→ What is expected:
Your response should contain exactly the lines running from the one with "Viande hachée de" to the end of the data below, both included, and no pictures.

→ Data:
● ● ●

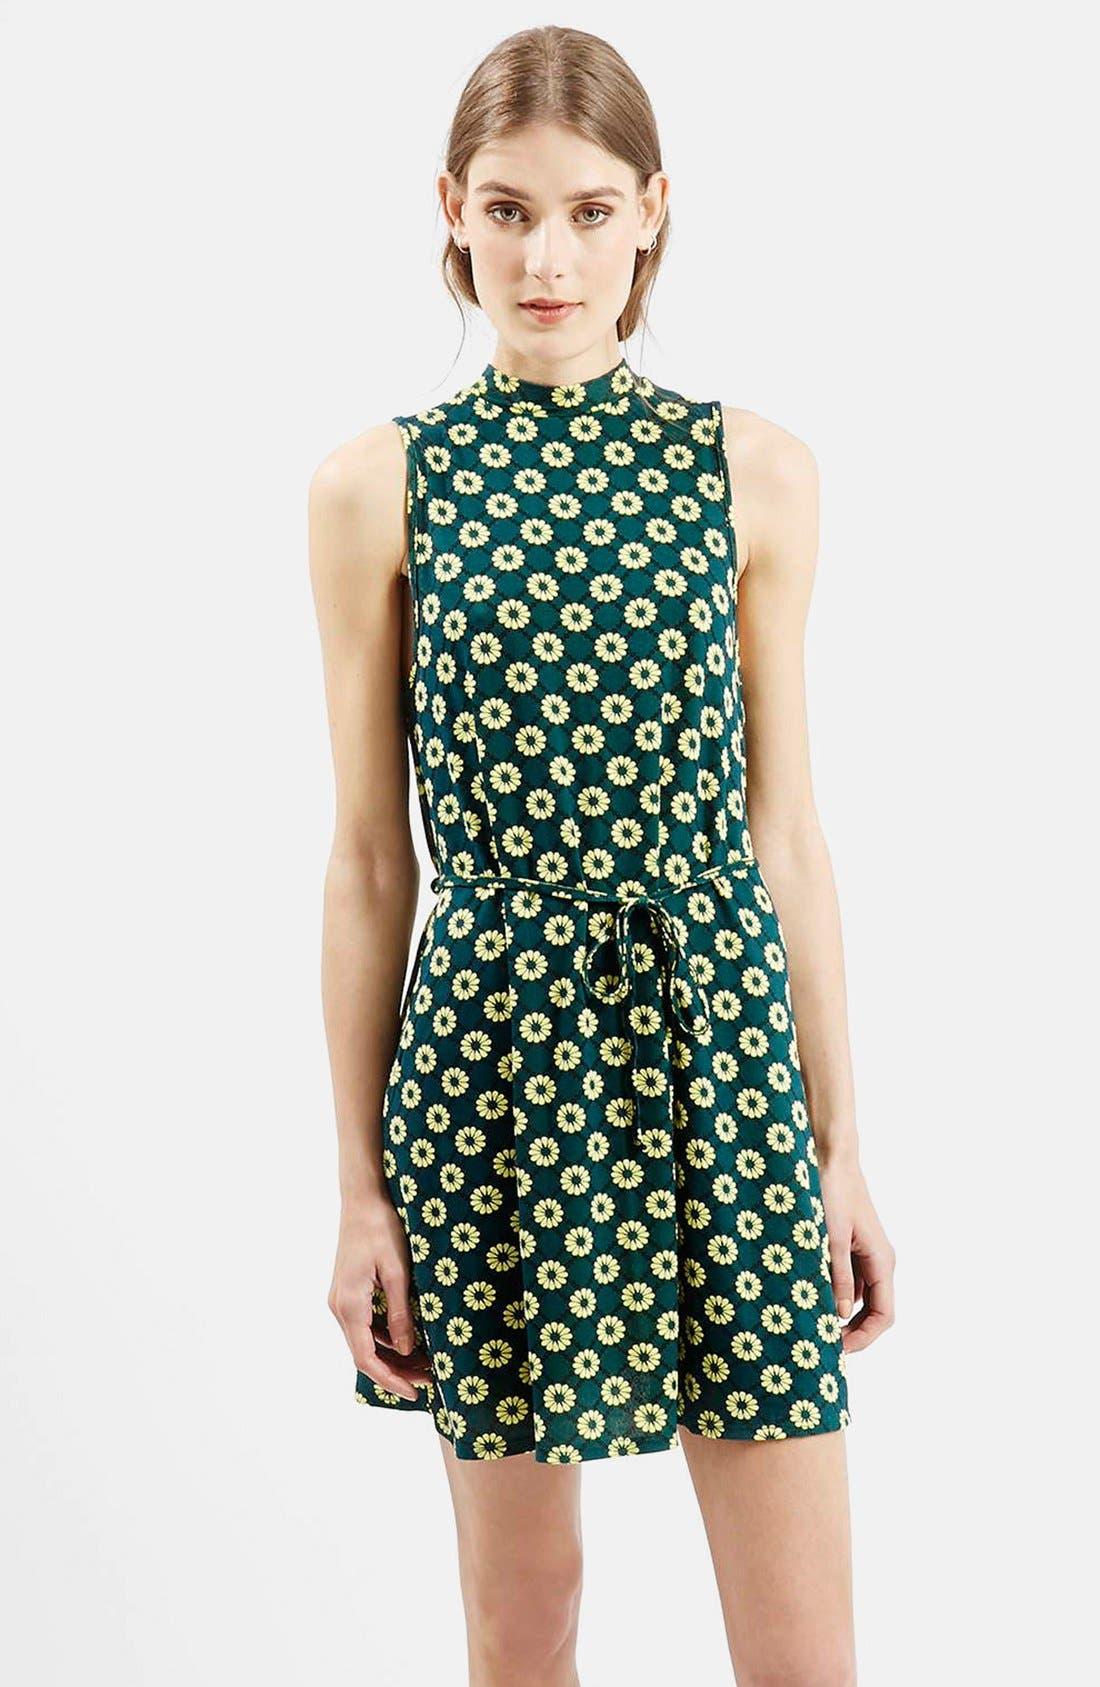 Alternate Image 1 Selected - Topshop 'Scandi' Flippy Sleeveless Dress
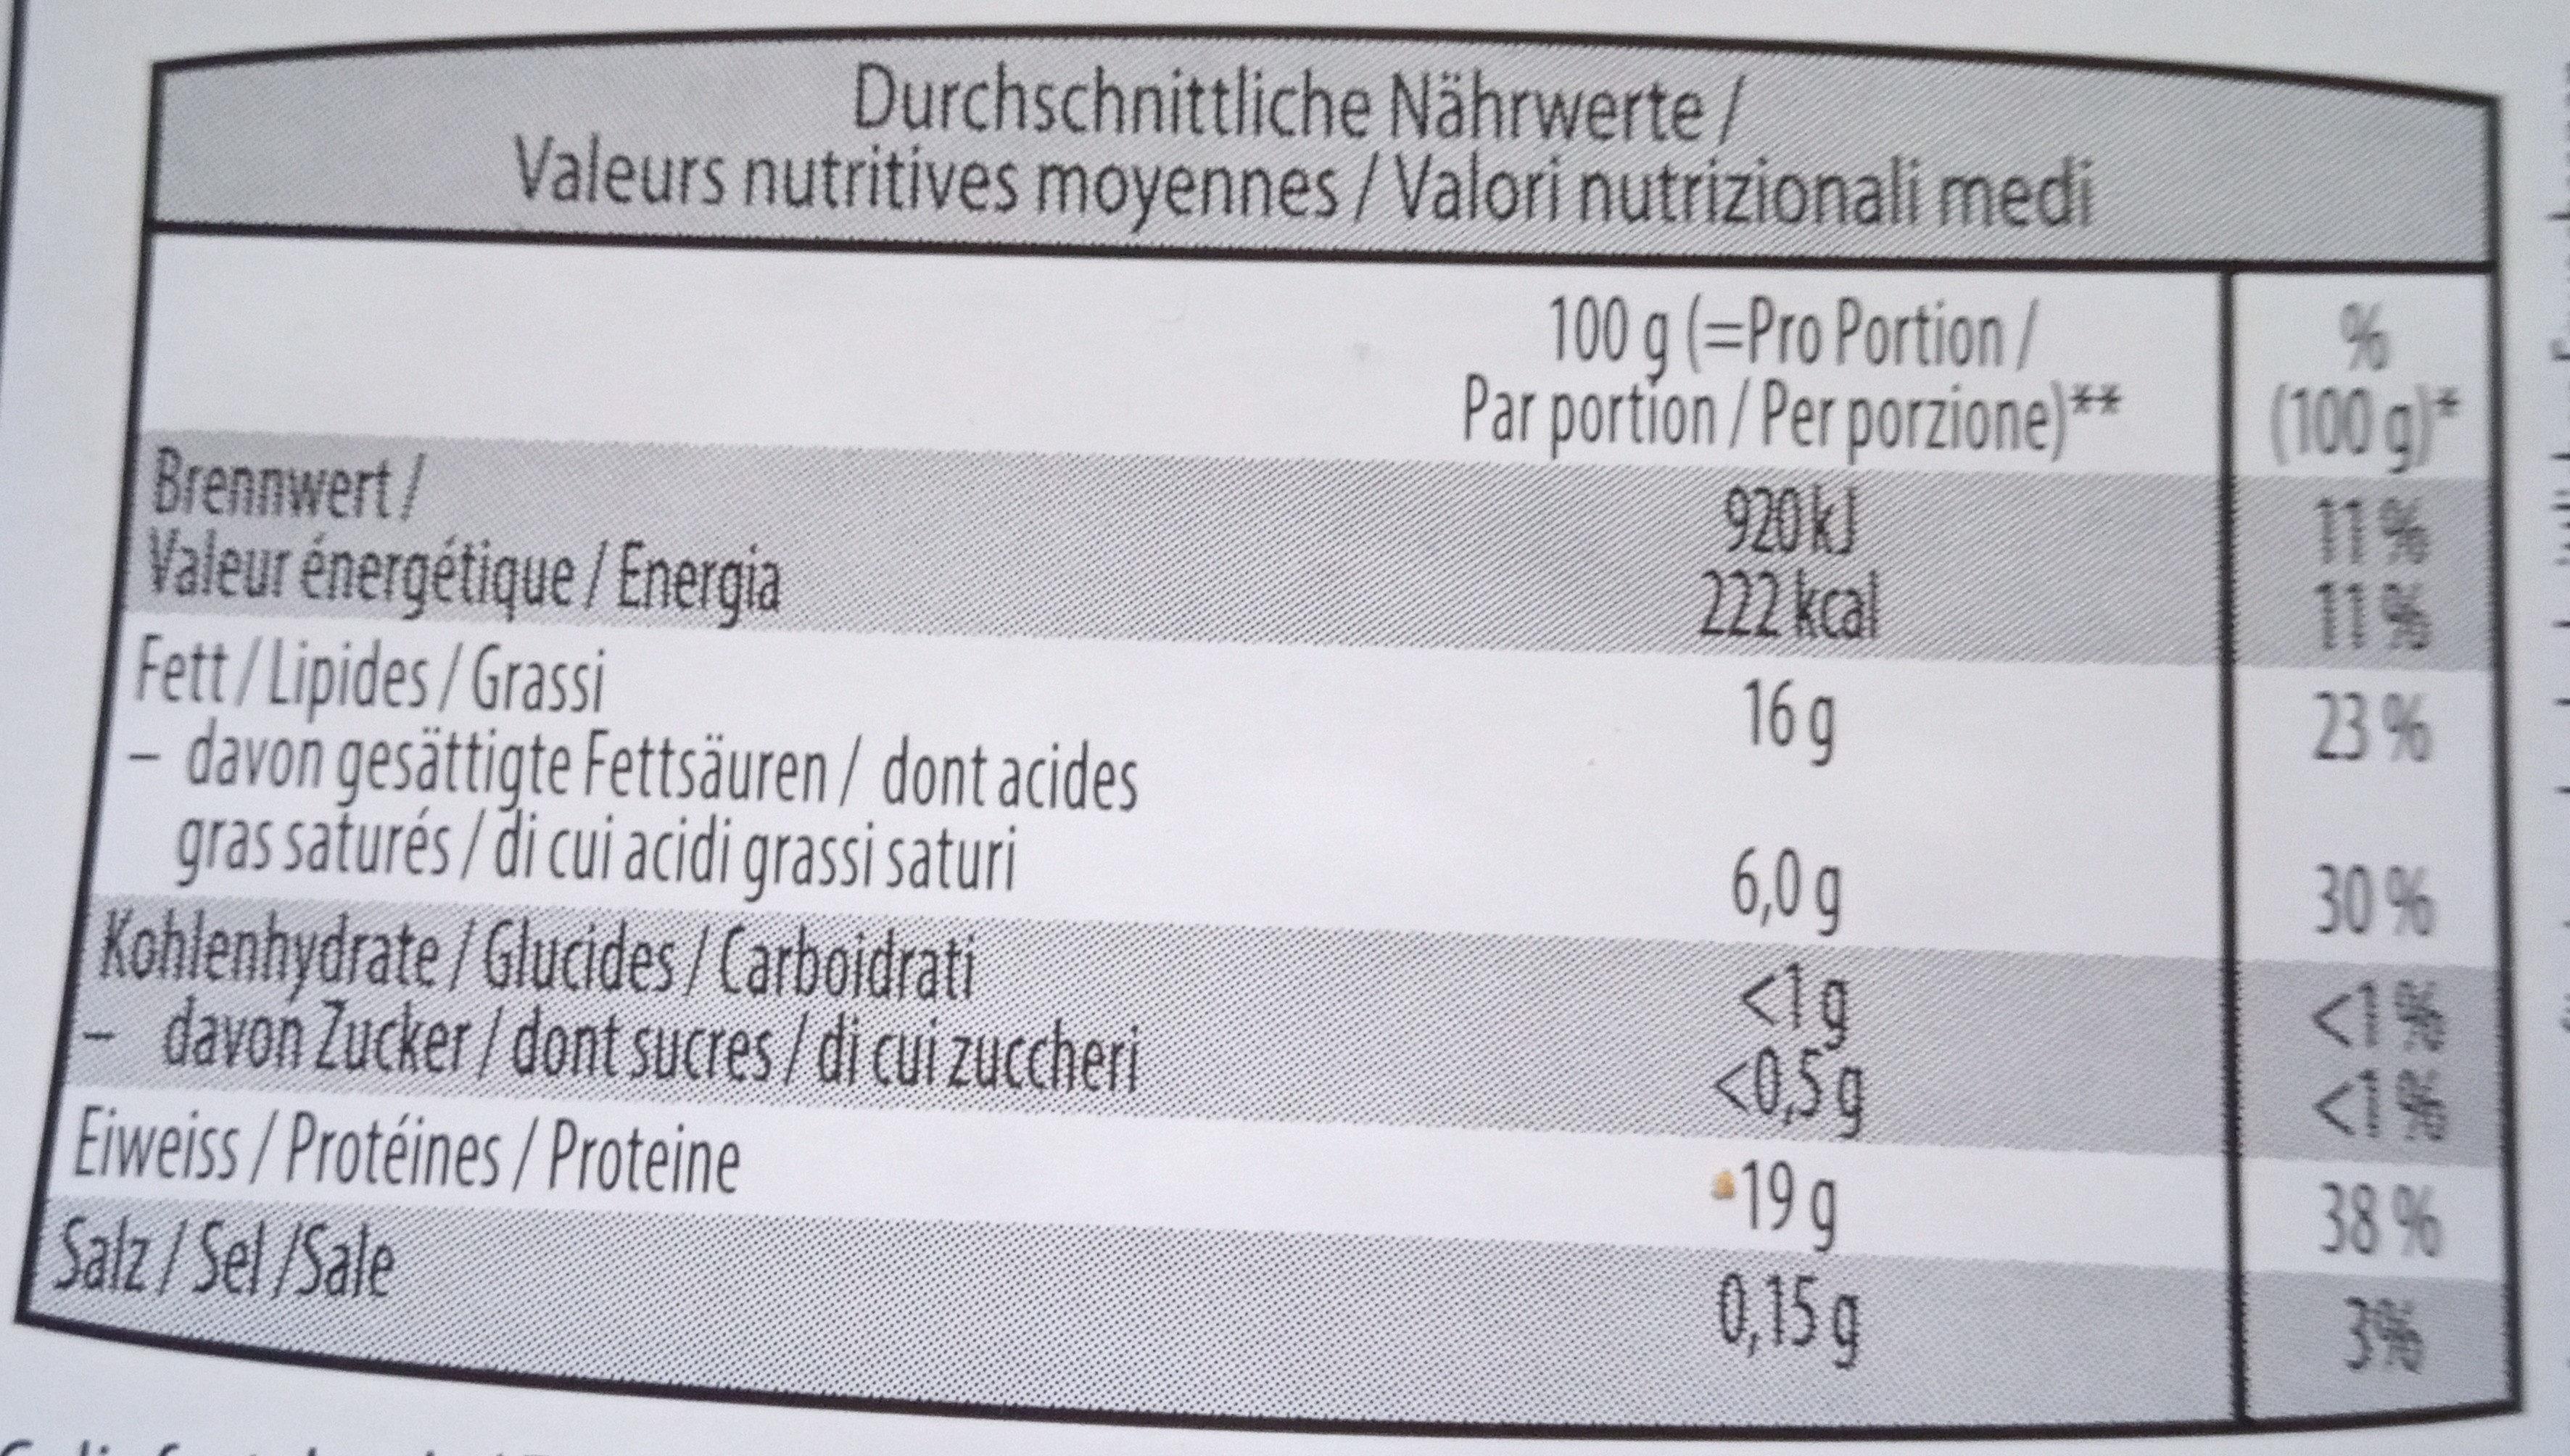 Viande hachée de boeuf - Voedingswaarden - fr
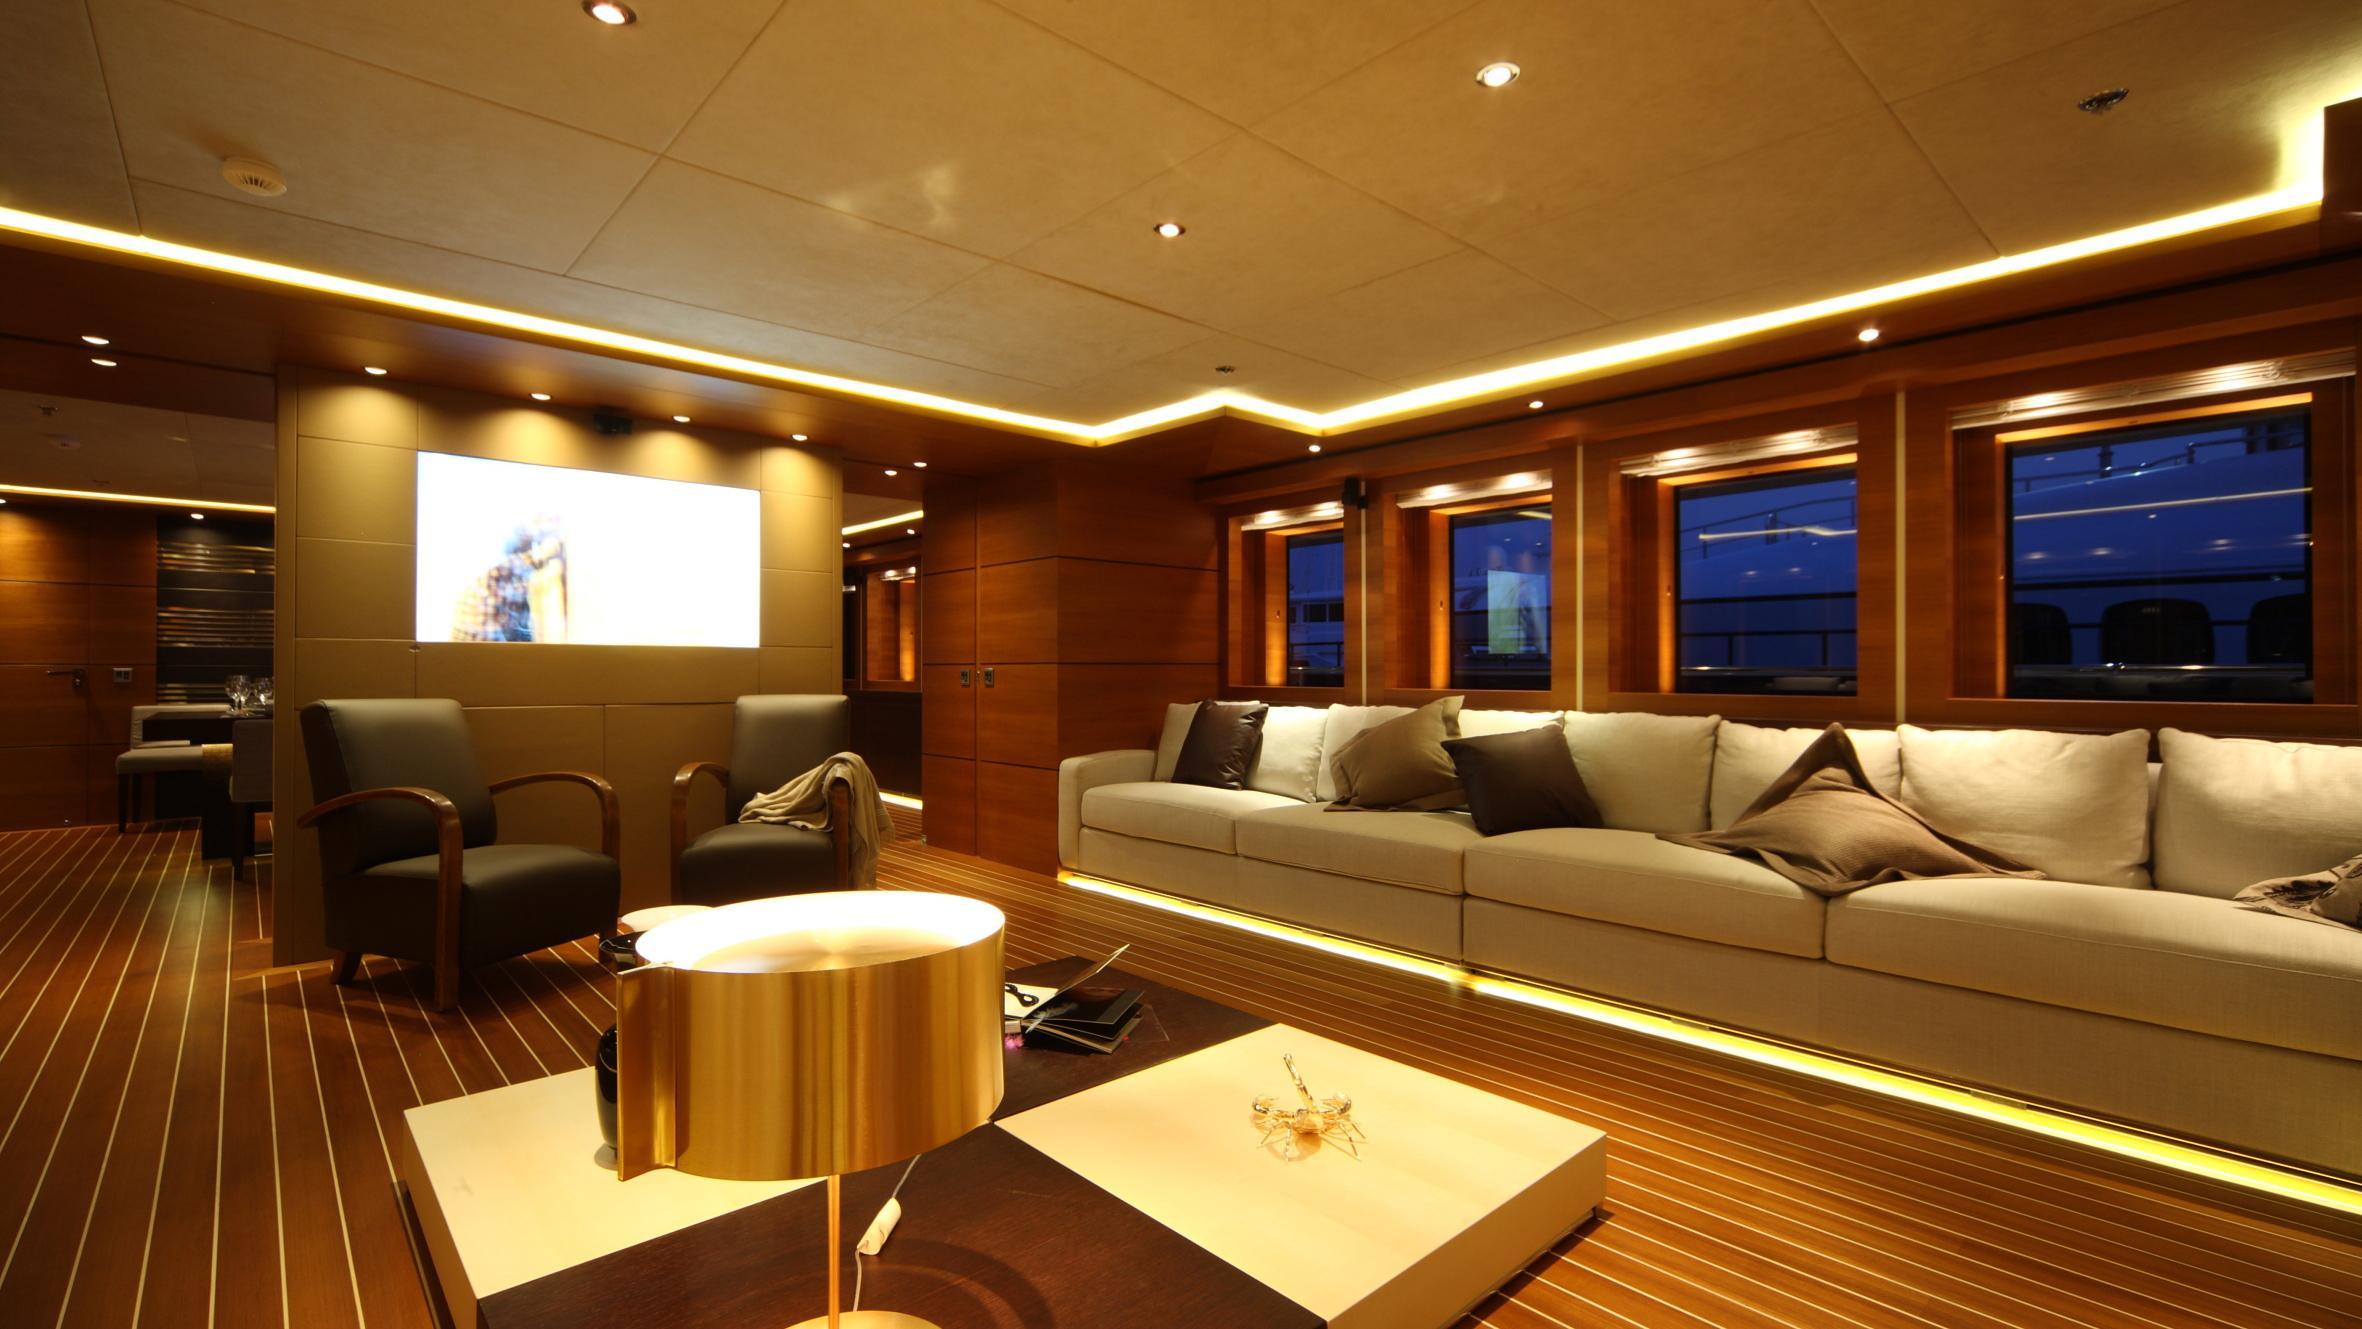 zaliv-iii-yacht-saloon

● ● ●

→ Your solution:
 Viande hachée de boeuf - Voedingswaarden - fr
 zaliv-iii-yacht-saloon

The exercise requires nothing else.